### What you should do
Beginning with the line that holds "Manto Crew Neck Sweatshirt | Dark Grey" and finishing with the line that holds "Octopus Sea Drawing", repeat the listing exactly, leaving every picture out.

### Task inputs
# # #

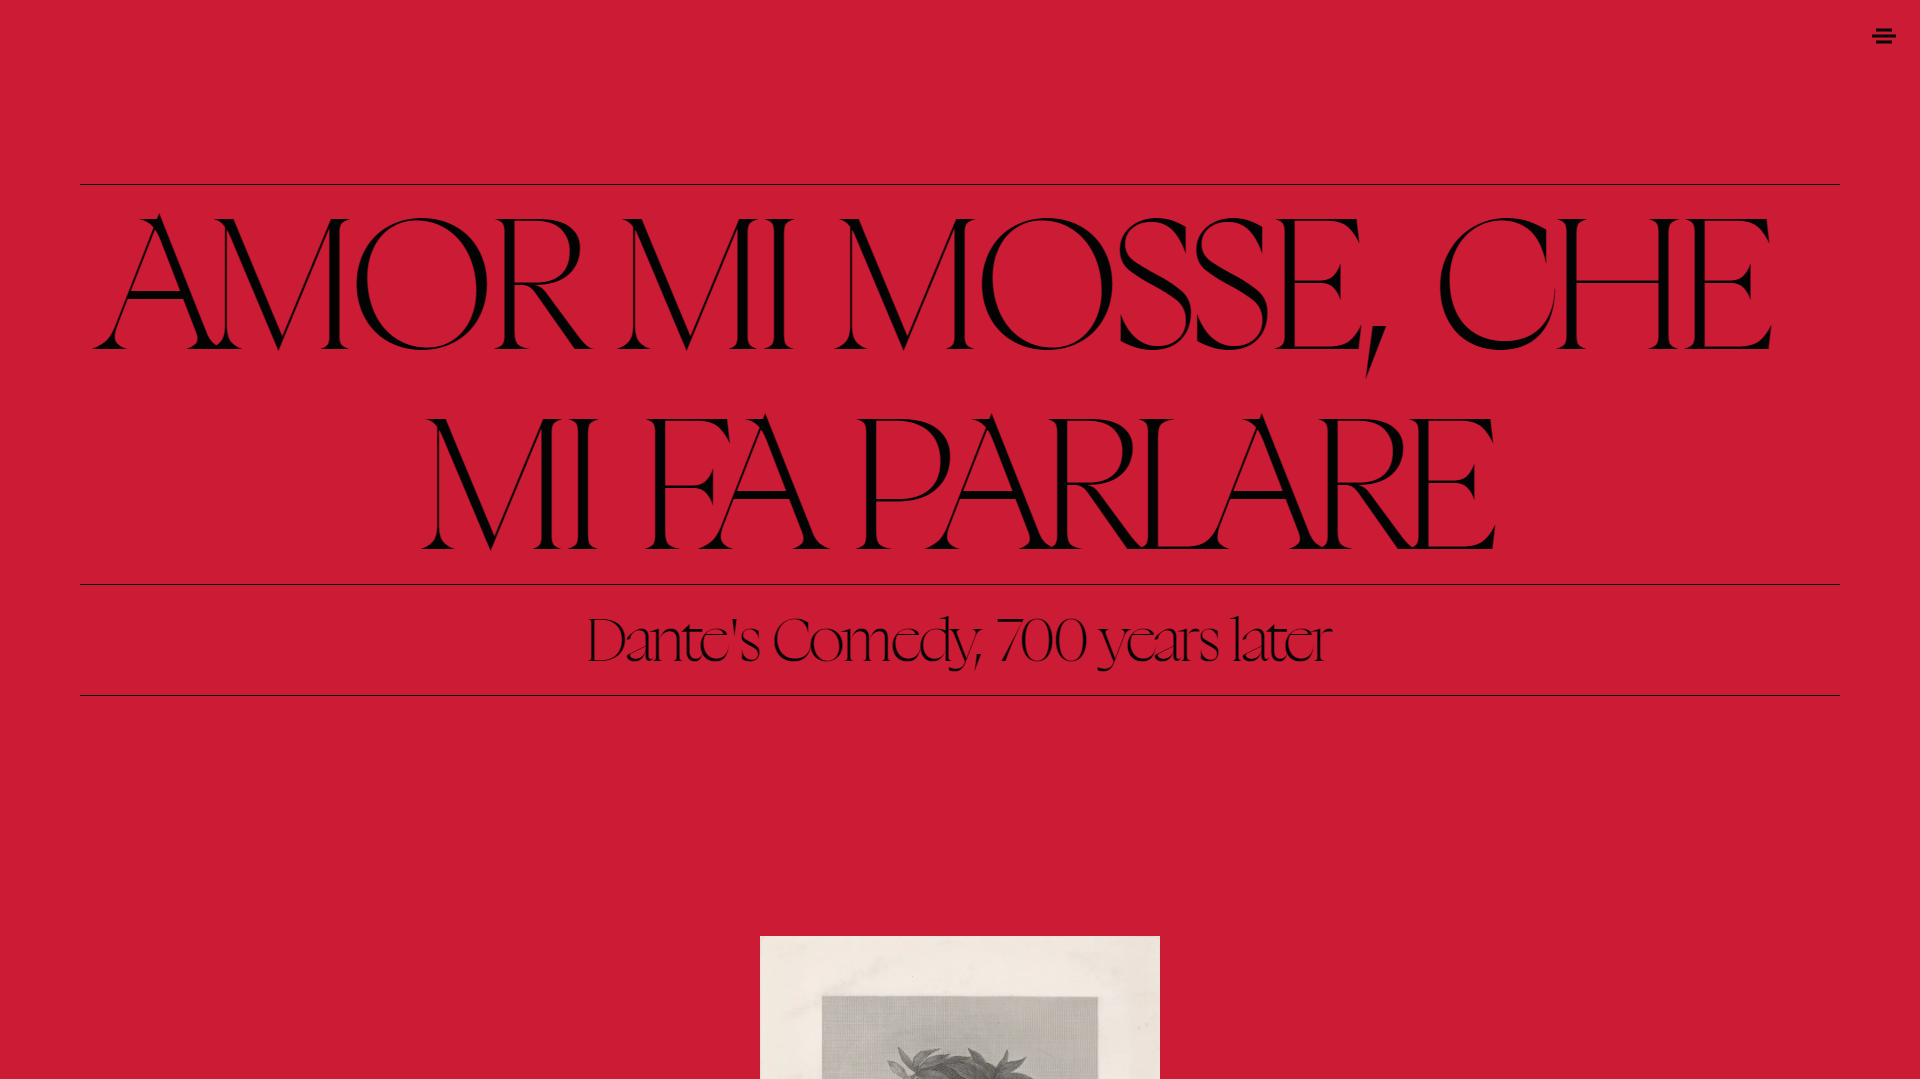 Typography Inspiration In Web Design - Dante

# # #

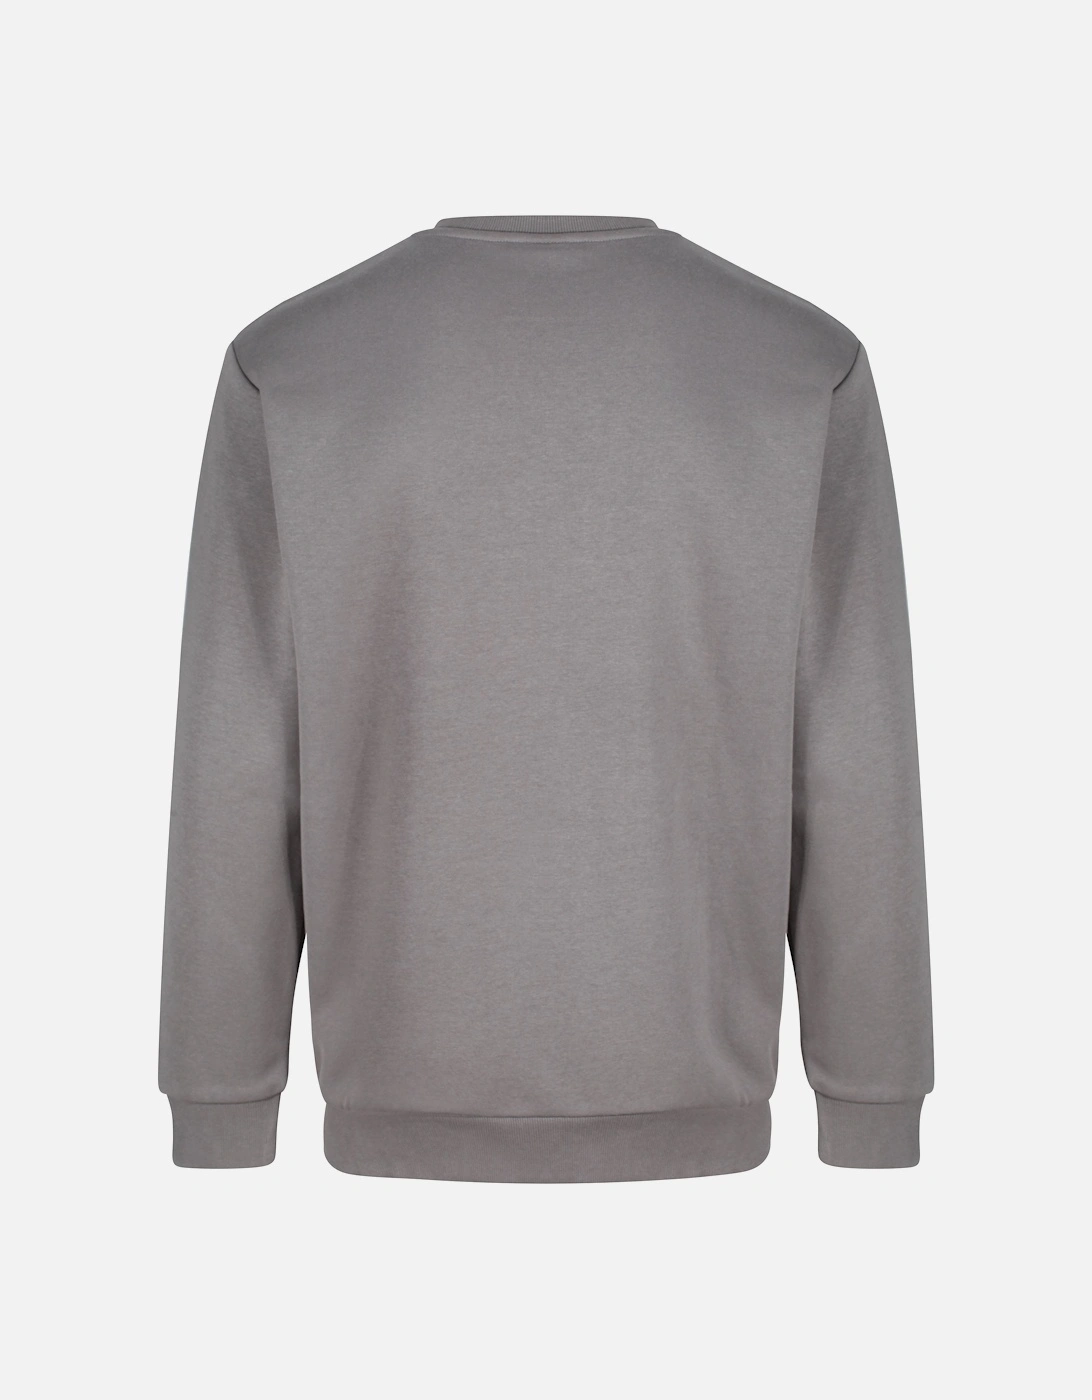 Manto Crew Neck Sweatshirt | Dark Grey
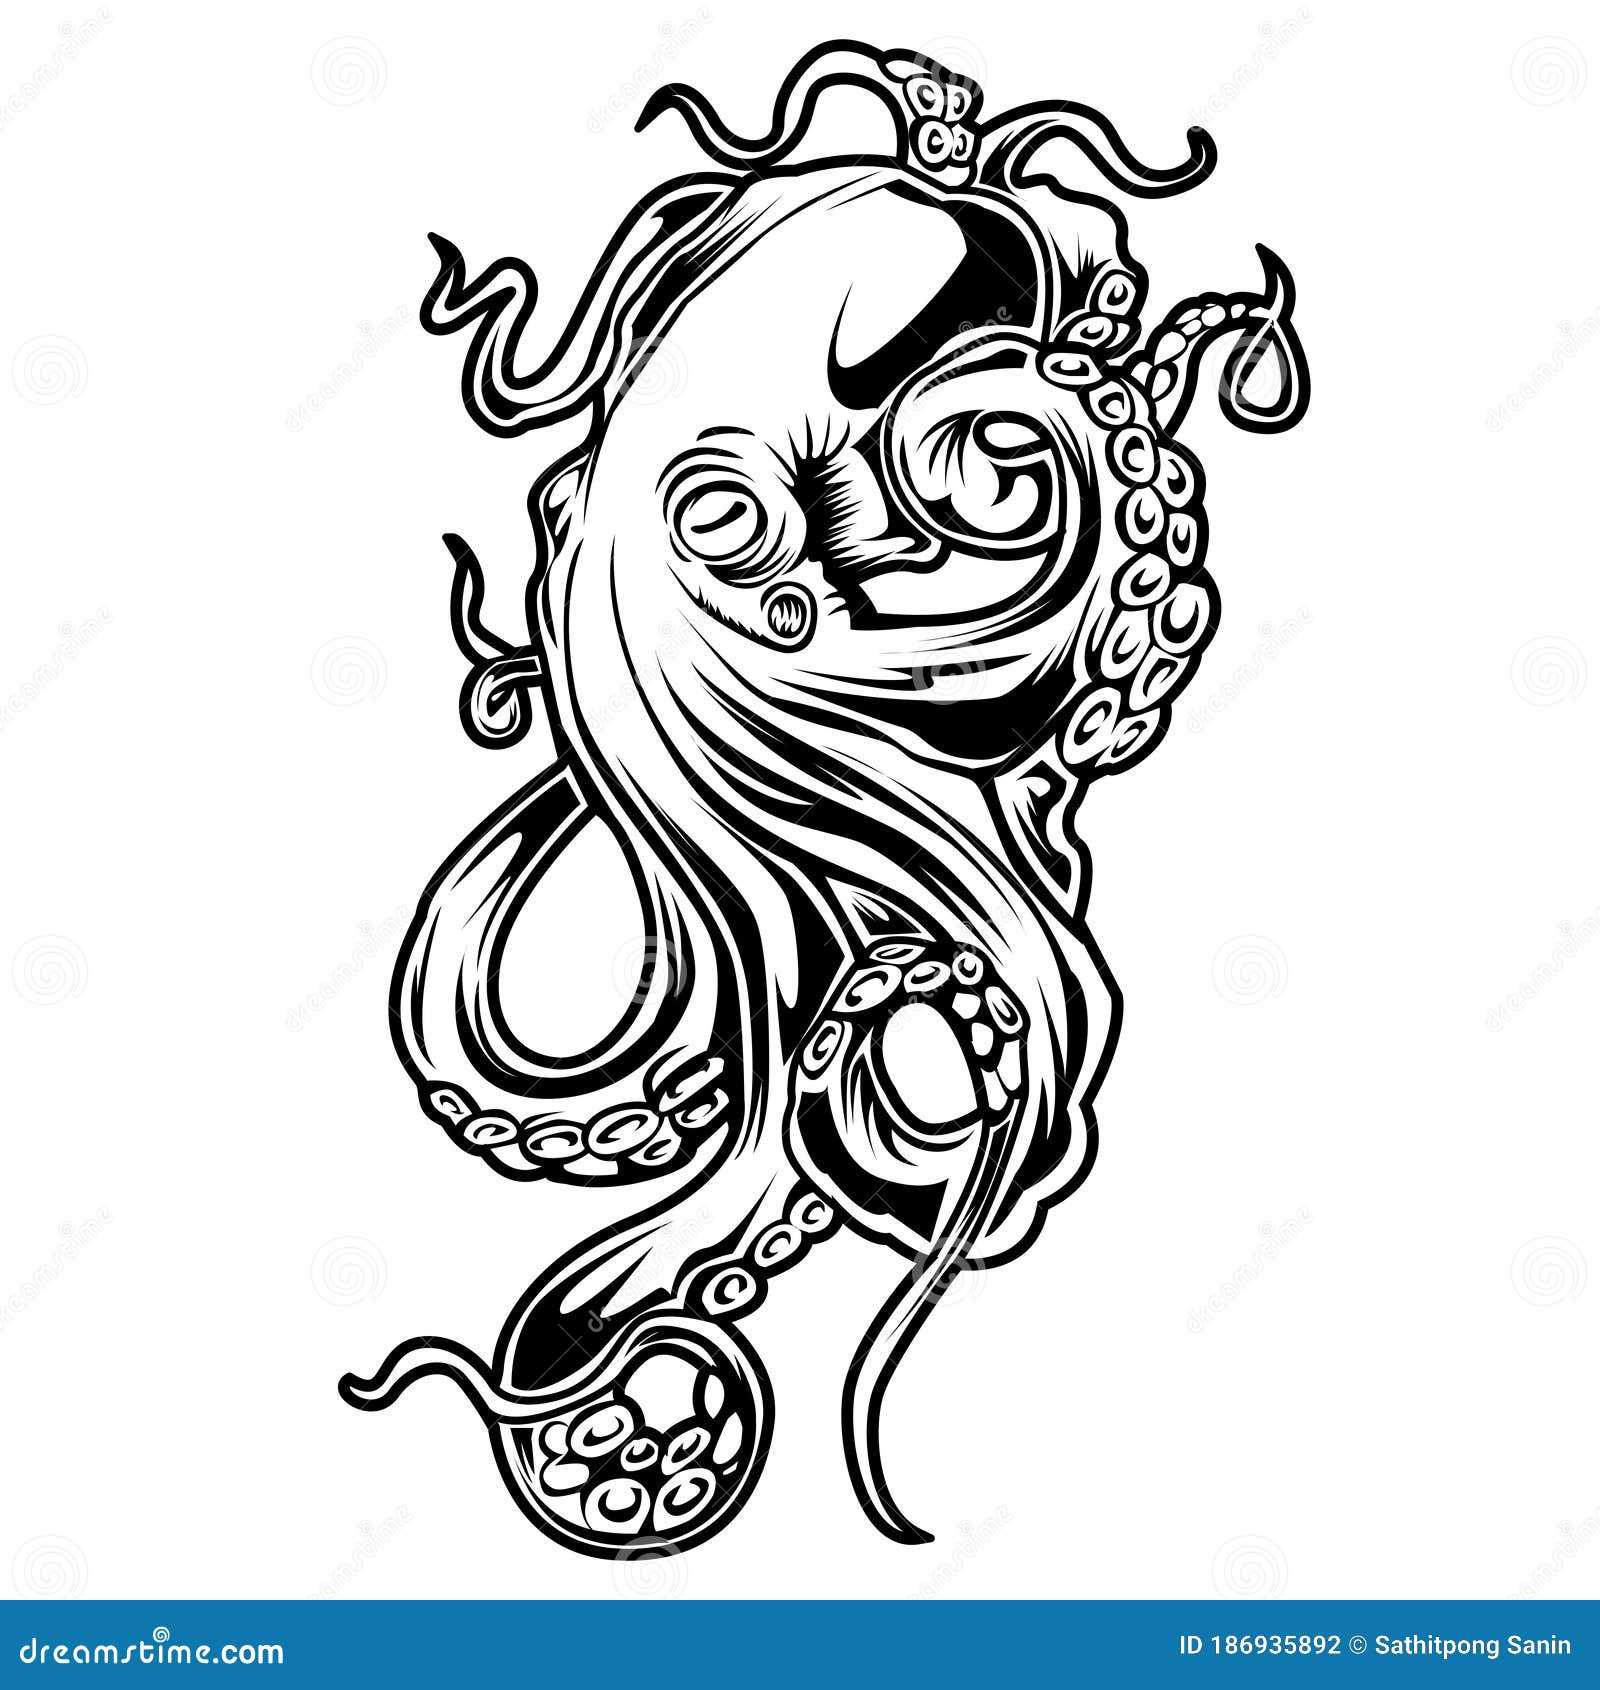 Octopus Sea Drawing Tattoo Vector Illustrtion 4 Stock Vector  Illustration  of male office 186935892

# # #

### Output of the task
 Manto Crew Neck Sweatshirt | Dark Grey
 Octopus Sea Drawing Tattoo Vector Illustrtion 4 Stock Vector  Illustration  of male office 186935892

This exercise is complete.